Here are the facts: Seahawks cornerback Richard Sherman jumped offside on a field-goal attempt late in the first half and steamrolled Bills kicker Dan Carpenter in the process. Sherman was flagged for jumping early, but not for roughing the kicker, despite doing just that.
On this everyone can agree -- the NFL's vice president of officiating even tweeted about it moments later! Right? Right?!
Pete Carroll would like a word.
"[Carpenter] hams it up a little bit too [much], which makes it bad," the Seahawks coach told 710 ESPN Seattle, though he added, that Sherman should have been flagged. Carroll also rightly noted that penalizing Sherman is up to the officials, and they chose not to.
Here's how referee Walt Anderson explained the non-decision after the game: "We were shutting the play down, that would be my call. I just didn't feel like the actions and the contact, because we were shutting the play down, warranted a foul."
Dean Blandino, who oversees the league's officials, disagreed in a halftime tweet:
At the end of the half in #BUFvsSEA its unnecessary roughness for hitting the kicker. Foul means he can stay in the game.
— Dean Blandino (@DeanBlandino) November 8, 2016
Meanwhile, Bills coach Rex Ryan basically called missed call, as well as the chaos that immediately ensued, a clown show.
"Ridiculous. Absolutely ridiculous," he said. "It's clear what happened, the guy roughed our kicker. Jumps offsides, roughs our kicker. And then because we had to go out and attend to him, and it wasn't called roughing the kicker, then we had to spike the ball so we can come back in and kick."

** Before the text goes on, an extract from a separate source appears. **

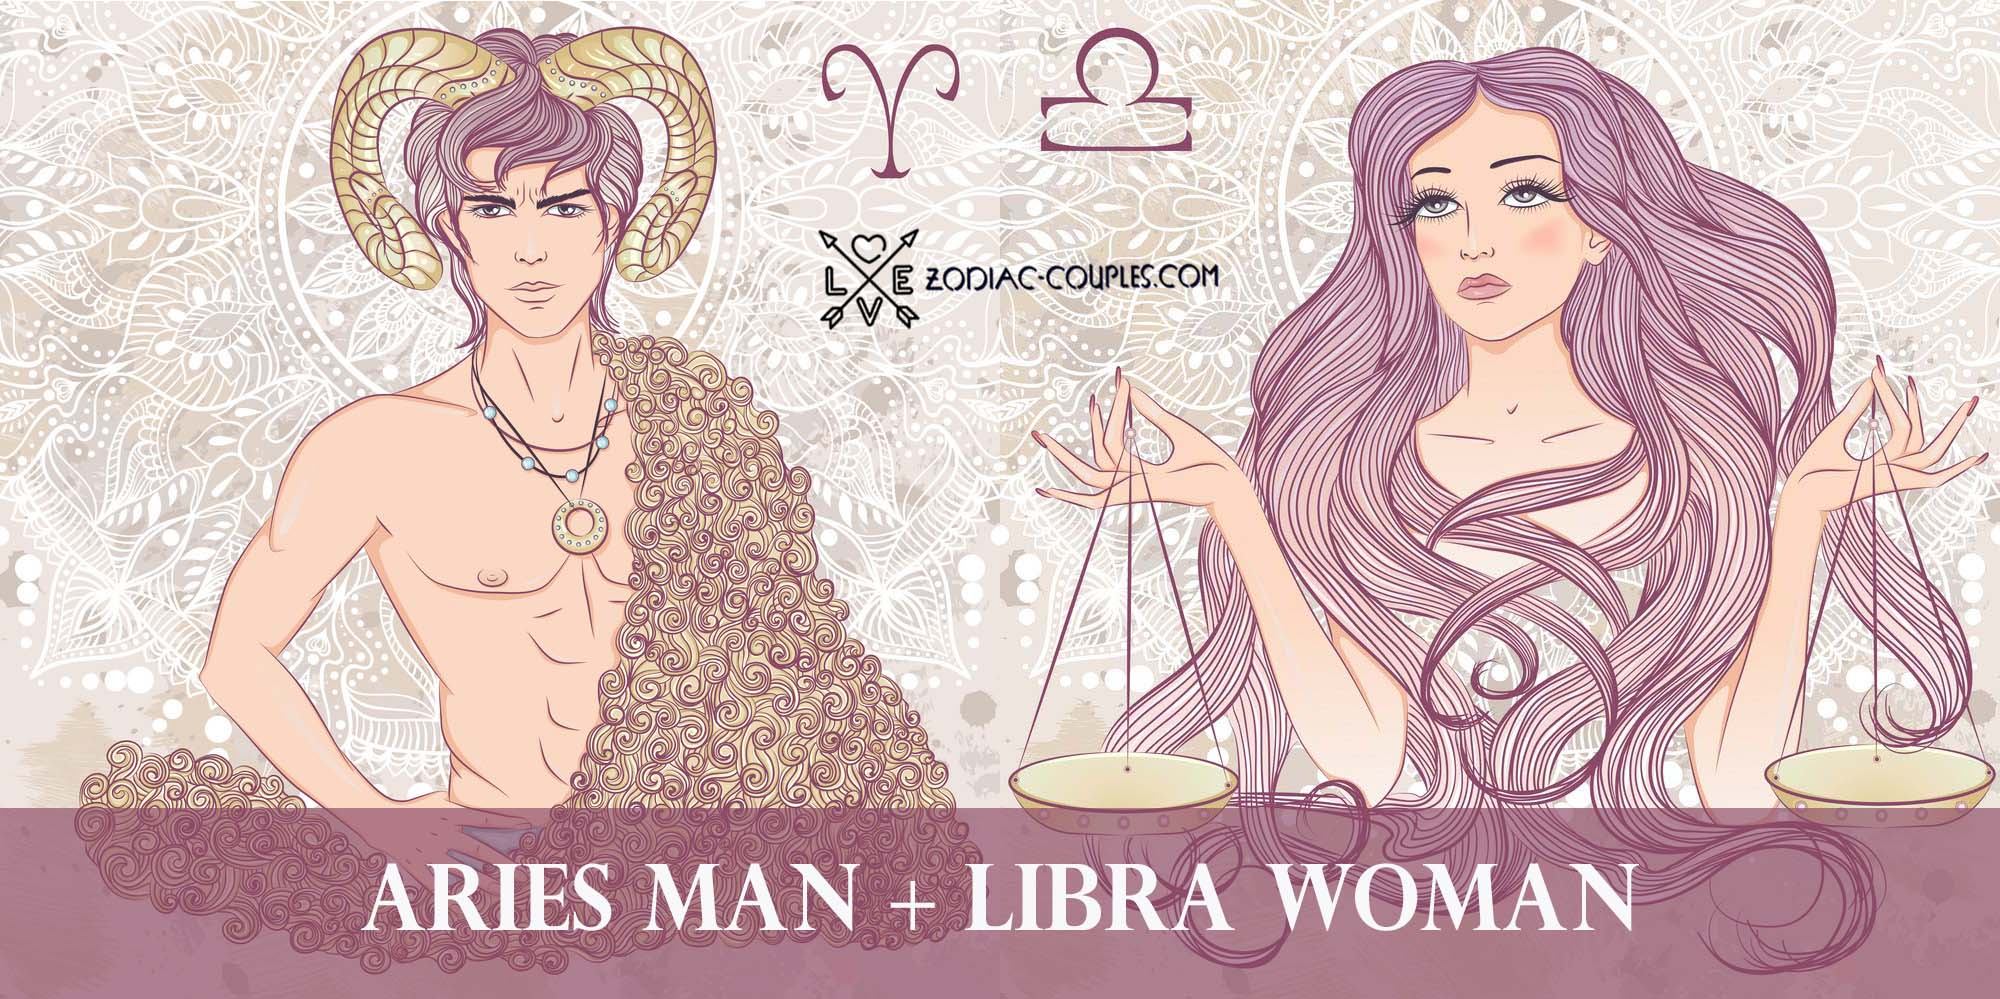 Things to know about aries woman - ðŸ§¡ Aries Man and Libra Woman Love C...

Ryan also had some advice for Richard Sherman, who engaged the Bills coach in an impromptu staring contest.
Carroll's response to Ryan's response to Carroll's players? "I just wish he'd coach his own team. That's it. Just coach your own guys."

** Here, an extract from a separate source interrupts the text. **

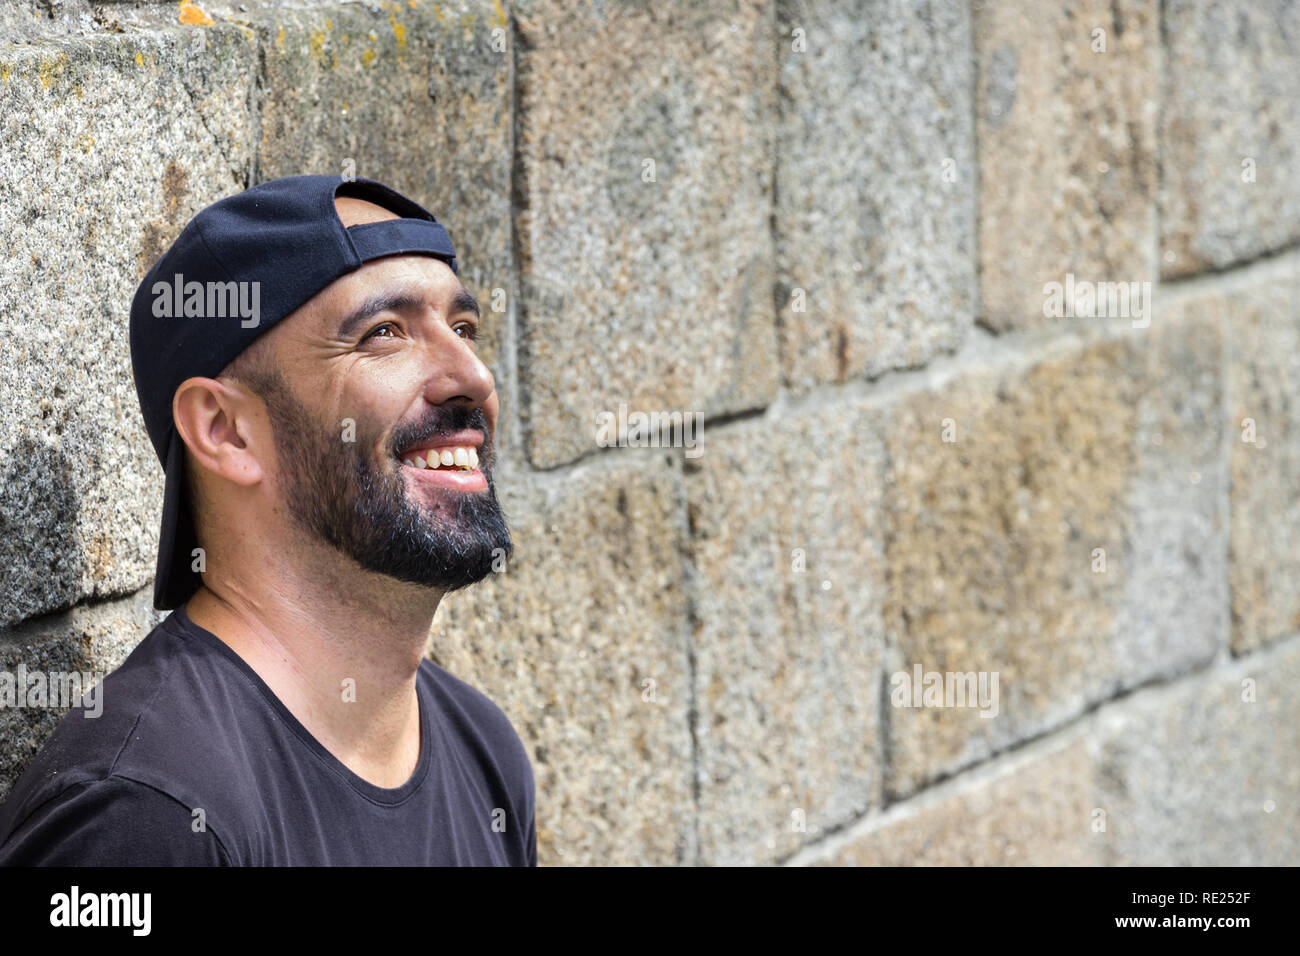 Portrait of a man with beard leaning on a stone wall, smiling, happy, dreaming, looking up away. Stock Photo

Obvious notable exception: Commenting on whether the opponent is hamming it up.
There is a silver lining to all this: Blandino promised to rectify the latest round of officiating blunders.
"We are absolutely going to address it," Blandino told NFL Network after the game. "Anytime you have a sequence like that at any point during the game we want to see what happened and just walk through the steps of where the breakdown was. Regardless of the outcome of the game, we are going to address the situation with our crew."